Slide p. 85: Inference: coarse to ﬁne — p. 85 ► 1:31:16

1:31:16 I just want to call that out. So let's suppose you have that. Then what you're doing is you're teaching your model

Slide p. 86: Inference: coarse to ﬁne — p. 86 ► 1:31:26

1:31:26 to fill the blanks. Well, now how would you go about actually using such a model at inference time? So what you would do is same as what we did for images. Start with completely noised inputs. So here a sequence full of masked token. And then what you would do is just predict what would be hiding behind those masked tokens

1:31:56 all at once. But then you want to make sure that you have enough buffer for you to make corrections. So you may want to revise some tokens that you have predicted. So the field has several methods to do that, one of which is just remasking some tokens in a random way. So some other methods, they're mask tokens with respect to some confidence scores.

1:32:27 For instance, if you have a token that you're unmasking that you're not very sure of, then you may want to just do another try. So here, you would take some tokens that, let's say, you're not sure of and remask them. And what you would do is to take that new sequence and perform the same operation, meaning trying to see who is behind that masked token.

Slide pp. 87–88: Inference: coarse to ﬁne — pp. 87–88 ► 1:32:58

1:32:58 And you do that again and again until obtaining your final outputs.

Slide p. 89: Discussion — p. 89 ► 1:33:05

1:33:05 So this is a very high-level way of how such a paradigm would work for text. Well, the good thing is there is very active research on it.

Slide p. 90: Discussion — p. 90 ► 1:33:20

1:33:20 And so I was reading one of the papers. So you can have speeds up to 10x compared to the traditional autoregressive way of doing things. And that is particularly useful for tasks that requires you to have response as quick as possible. I know a lot of us are using some form of coding agents to do

1:33:46 our coding work these days. And I'm sure you also want your agent to finish as quickly as possible. Well, this paradigm would allow you to speed up that process significantly. And that is the reason why coding is a very good use case for that paradigm. So on the one hand for the speed,

1:34:12 but on the second hand also because in coding, you naturally have a way to be interested in filling in the middle kind of tasks. Because if you look at your code base, you're rarely always trying to generate things in a sequential way, in an autoregressive way. Sometimes you have a bunch of code and you just want to generate code, let's say, in the middle of two functions.

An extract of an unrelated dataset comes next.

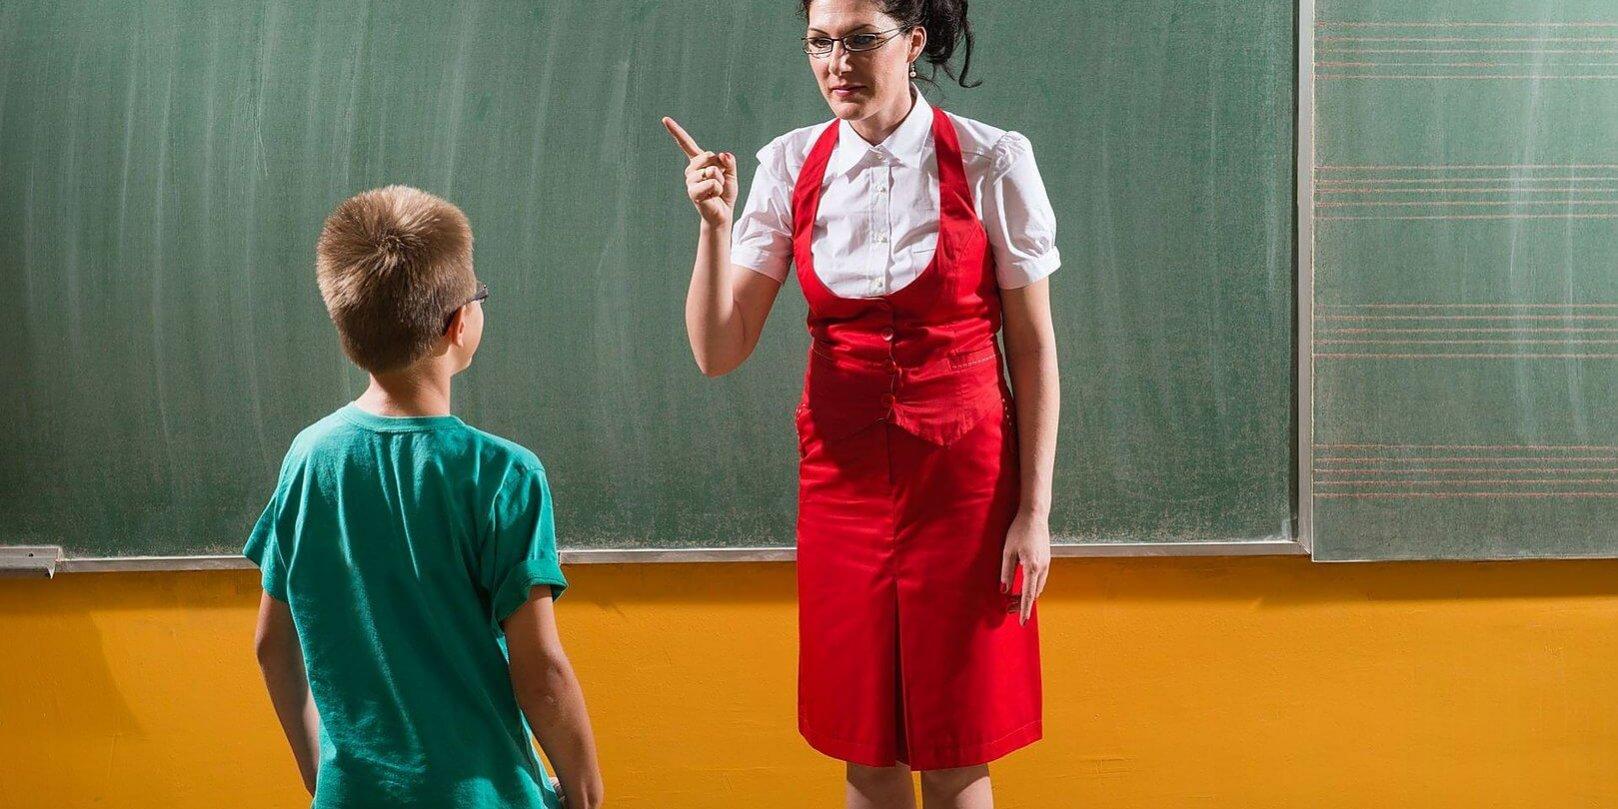 Повільна вакцинація вчителів може спричинити конфлікти між педагогами та батьками — Макаренко

Slide p. 91: Discussion — p. 91 ► 1:34:43

1:34:43 So for filling the middle tasks, that paradigm is actually better compared to autoregressive tasks. And we will not have time to go into details, but training is much more expensive,

Slide p. 92: Discussion — p. 92 ► 1:34:58

1:34:58 particularly because in the traditional way, the way training works is you input your whole input and then what you're doing is you're training your model to predict the next token. And you can parallelize that very well. And this is unfortunately not something that you can do as well with the diffusion scheme.

Slide p. 93: Discussion — p. 93 ► 1:35:25

1:35:25 And then the second thing is there are so many techniques that now are specific to how autoregressive models work that you would need to adapt. And there are also ways to combine the benefits of the two approaches. And for instance, block diffusion is an example of it. So I just wanted to leave you with these screenshots that just tells you of the many headlines that you

Slide p. 94: Diﬀusion LLMs is currently a very hot topic! — p. 94 ► 1:35:52

1:35:52 see around companies that are betting on this kind of technology.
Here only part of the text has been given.